What is your GH and PH?


----------



## TurtleShark (Feb 19, 2013)

Not sure on the GH, don't have a test for that. But pH is usually above 8... I'll check tomorrow.


----------



## lochaber (Jan 23, 2012)

Once the damage is done, it's effectively permanent. 

Snail shells only really 'grow' from the inside right around the opening - the CaCO3 is secreted by the mantle of the snail, and as the snail grows, the older section of the shell is effectively 'dead'.

So if the cuttlebone does make things better, it will be sometime before you notice it, as it's just helping to protect the newly formed shells currently.

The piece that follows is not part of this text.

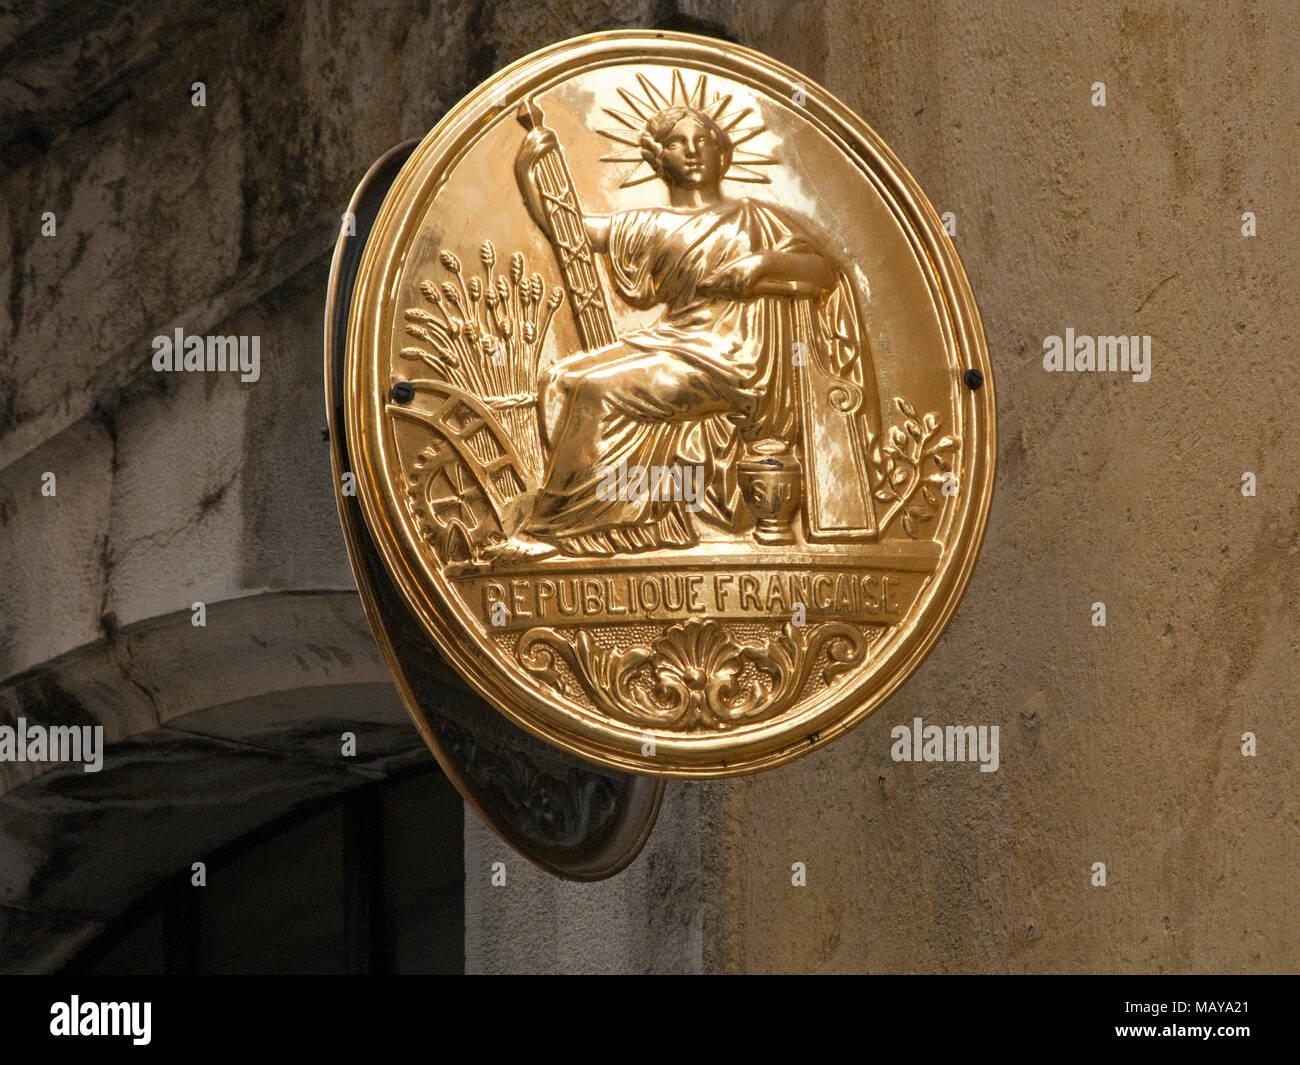 Golden national emblem at entrance of Musee Provencal du Costume et du Bijou, Grasse, Alpes-Maritimes, South France, France, Europe - Stock Image

KH is probably more important then GH for this, as it measures carbonates (what the shells are made of, and what reacts with acids).


----------



## Xraay (Oct 29, 2014)

+1 on the permanent shell damage. My gold mystery snail somehow had a hole towards the top of his shell. Never figured out how he got it, but the new shell that's coming in is looking quite nice. Are they new snails? If so it could be damage from their previous housing conditions.


----------



## TurtleShark (Feb 19, 2013)

Okay sounds good. I guess I'll keep up with the cuttlebone and see if the younger snails start looking better.


----------



## zerodameaon (Dec 2, 2014)

Only reason I mentioned GH was because if you can afford to raise it some, adding a product like seachem equilibrium could help. It has helped with the quality of my snails shells just because of the available calcium in the water. My snails never seemed to give any thought to cuttlebone.


----------



## TurtleShark (Feb 19, 2013)

Ok, I'll check for a test next time I'm at the store and see what I can do there. This is the only tank out of three or four that the ramshorns are in. I'm keeping them out of my 30 gallon because they seem to outcompete the pond snails, who I honestly like more than the ramshorns. And now, of course, I've got daitoms in the 30 and I know I should put the ramshorns in there but once I do there's no going back... Anyway, getting off topic. I'll get the GH checked. What level should it be at, anyway?


----------



## angelcraze (Aug 20, 2013)

I was going to say, diatoms, I think they are high in calcium......maybe you could throw in some diatom covered plants for them to clean then swap them back? My baby BN go to town on the plants when I do this, there wouldn't be time for them to lay eggs...also feeding them some veggies high in calcium, like what's that veg called....it's leafy......well, I know they love zucchini.


----------



## zerodameaon (Dec 2, 2014)

You are thinking of Kale.


----------



## angelcraze (Aug 20, 2013)

Lol, I thought of it--collard green.


----------



## ced281 (Jul 6, 2012)

You can also scape your tank with ryouh or seiryu stone used in nature style aquariums. They leech out enough minerals to keep snail shells pristine (but they also alter your water chemistry).


----------